Boost Security is primarily an all in one scanner. I appreciate their openness of sharing their IaC rules.

IaC scanning is part of Xigeni's larger ASPM platform, which focuses more on SDLC attacks in general than IaC specifically; however, they provide an asset map to help see where changes are coming from.

Snyk IaC integrates directly into your pipeline to easily scan and block IaC misconfigurations. Their support for various IaC templates is a big plus, but their cloud rules are not as advanced as other competitors. Combining with runtime data opens unique use cases for automatic remediation.

Ox relies solely on open source options for their IaC scanning, but tie it together nicely with runtime context.

Cycode offers their own built in IaC scanning as part of their ASPM platform.

Instead of hiding their open source projects and trying to sell you the impossible, Aikido openly tells you what they're using and have created a simple cloud based scanner to do 9-in-1 security scanning. A no brainer recommendation for startups.

Qwiet has a powerful unique approach to scanning that starts with a map of your application, and scans within that context. They have smart prioritization filters combined with the standard suite of SCA, container, SAST, Secrets, and IaC scanning. They don't offer "pipeline-less" scanning via webhooks if that's a requirement for you.

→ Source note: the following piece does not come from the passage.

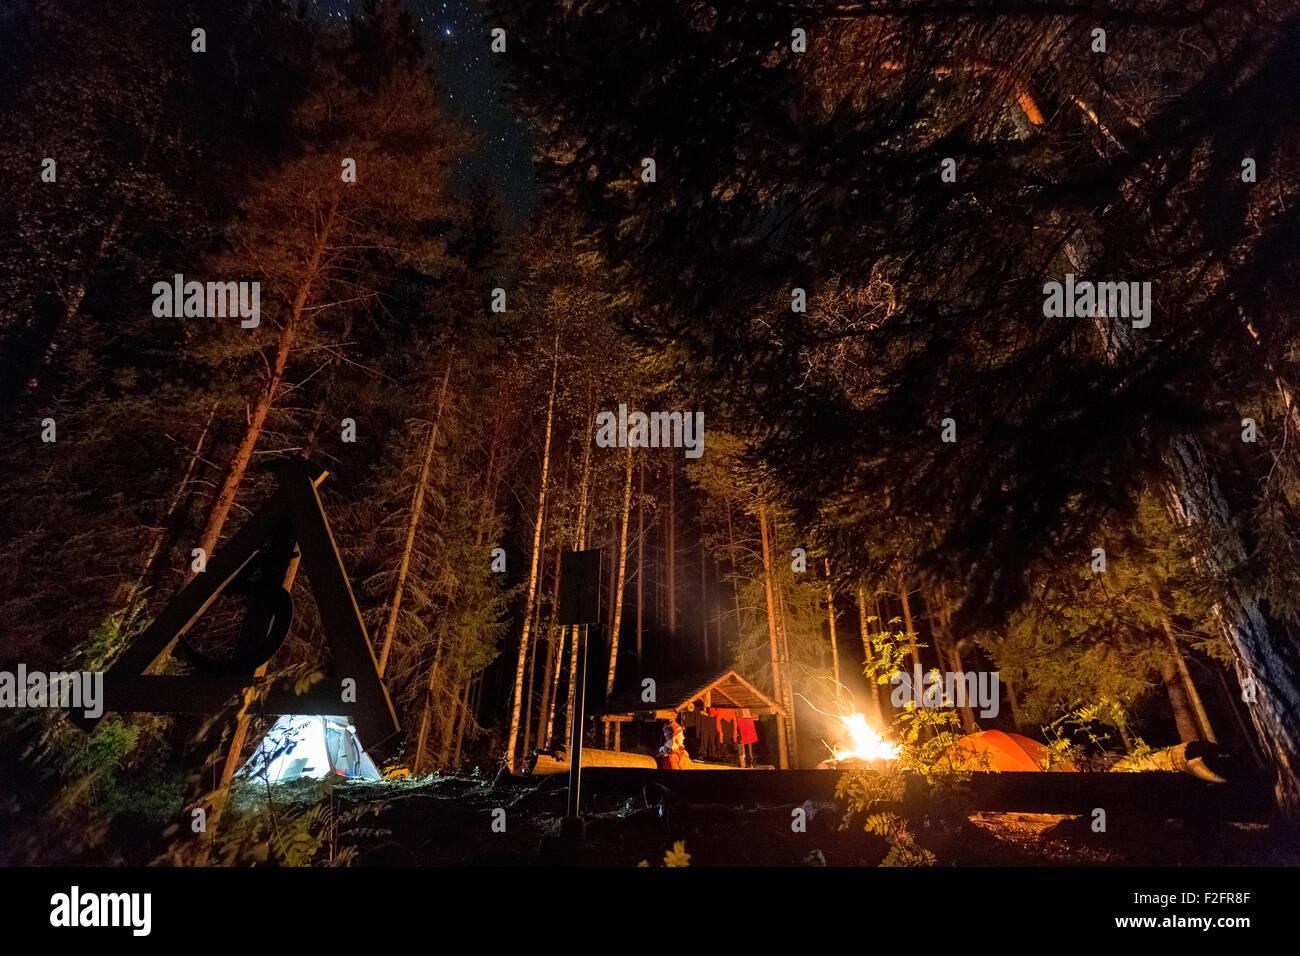 Camping Lylyniemi, Jämsä, Finlandia, Europa, UE Imagen De Stock
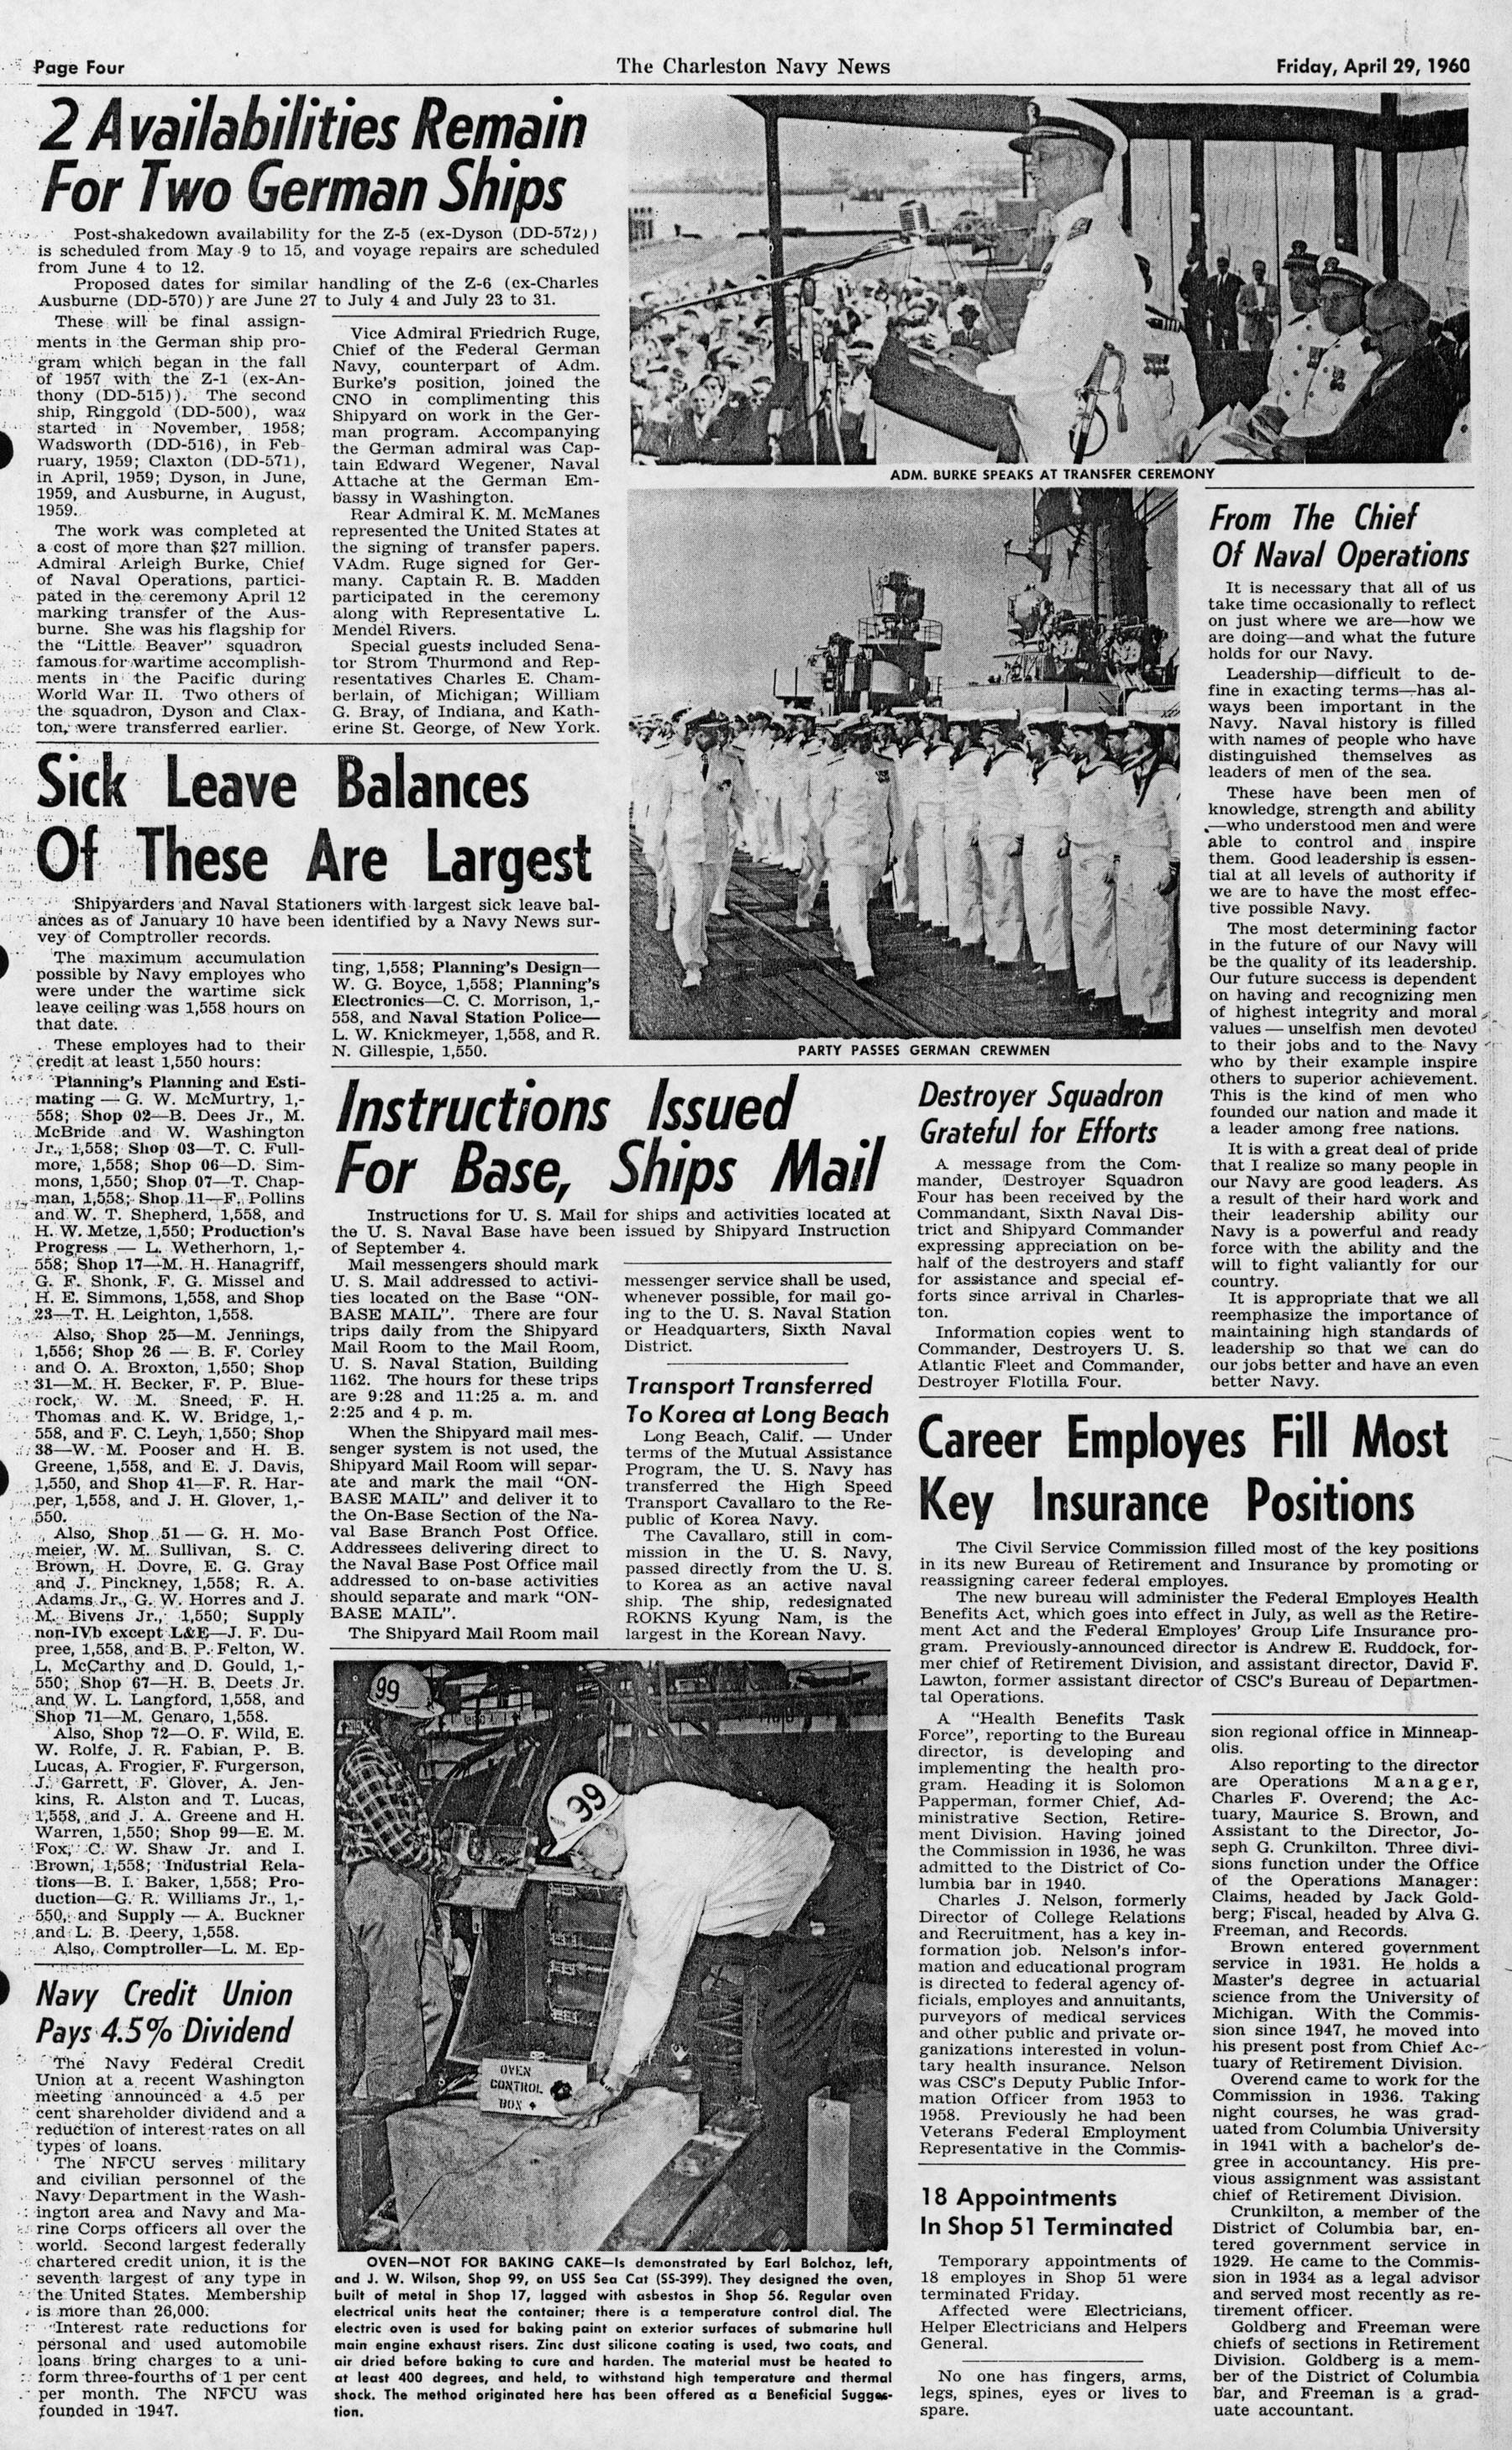 The Charleston Navy News, Volume 18, Edition 21, page iv

As part of their larger platform, Checkmarx also provides IaC Scanning.

For organizations that are already using Wiz, their IaC scanning is a great option. If your devops team is willing to adopt their solution in pipeline, it can be a solid support tool.

Checkov is the leader in IaC scanning as an open source solution. Combining with Bridgecrew can be an okay solution, but we're skeptical of the long term outlook due to the Prisma Cloud acquisition.

KICS is another solid open source solution; however, they're more easily adopted into traditional security review type models.

Aqua Security offers IaC scanning as part of their CNAPP solution.

Gomboc promises a unique approach to IaC in that it goes beyond traditional regex based rules. We're pending hands on time with the tool for more information.

We're pending hands on time with the tool for more information.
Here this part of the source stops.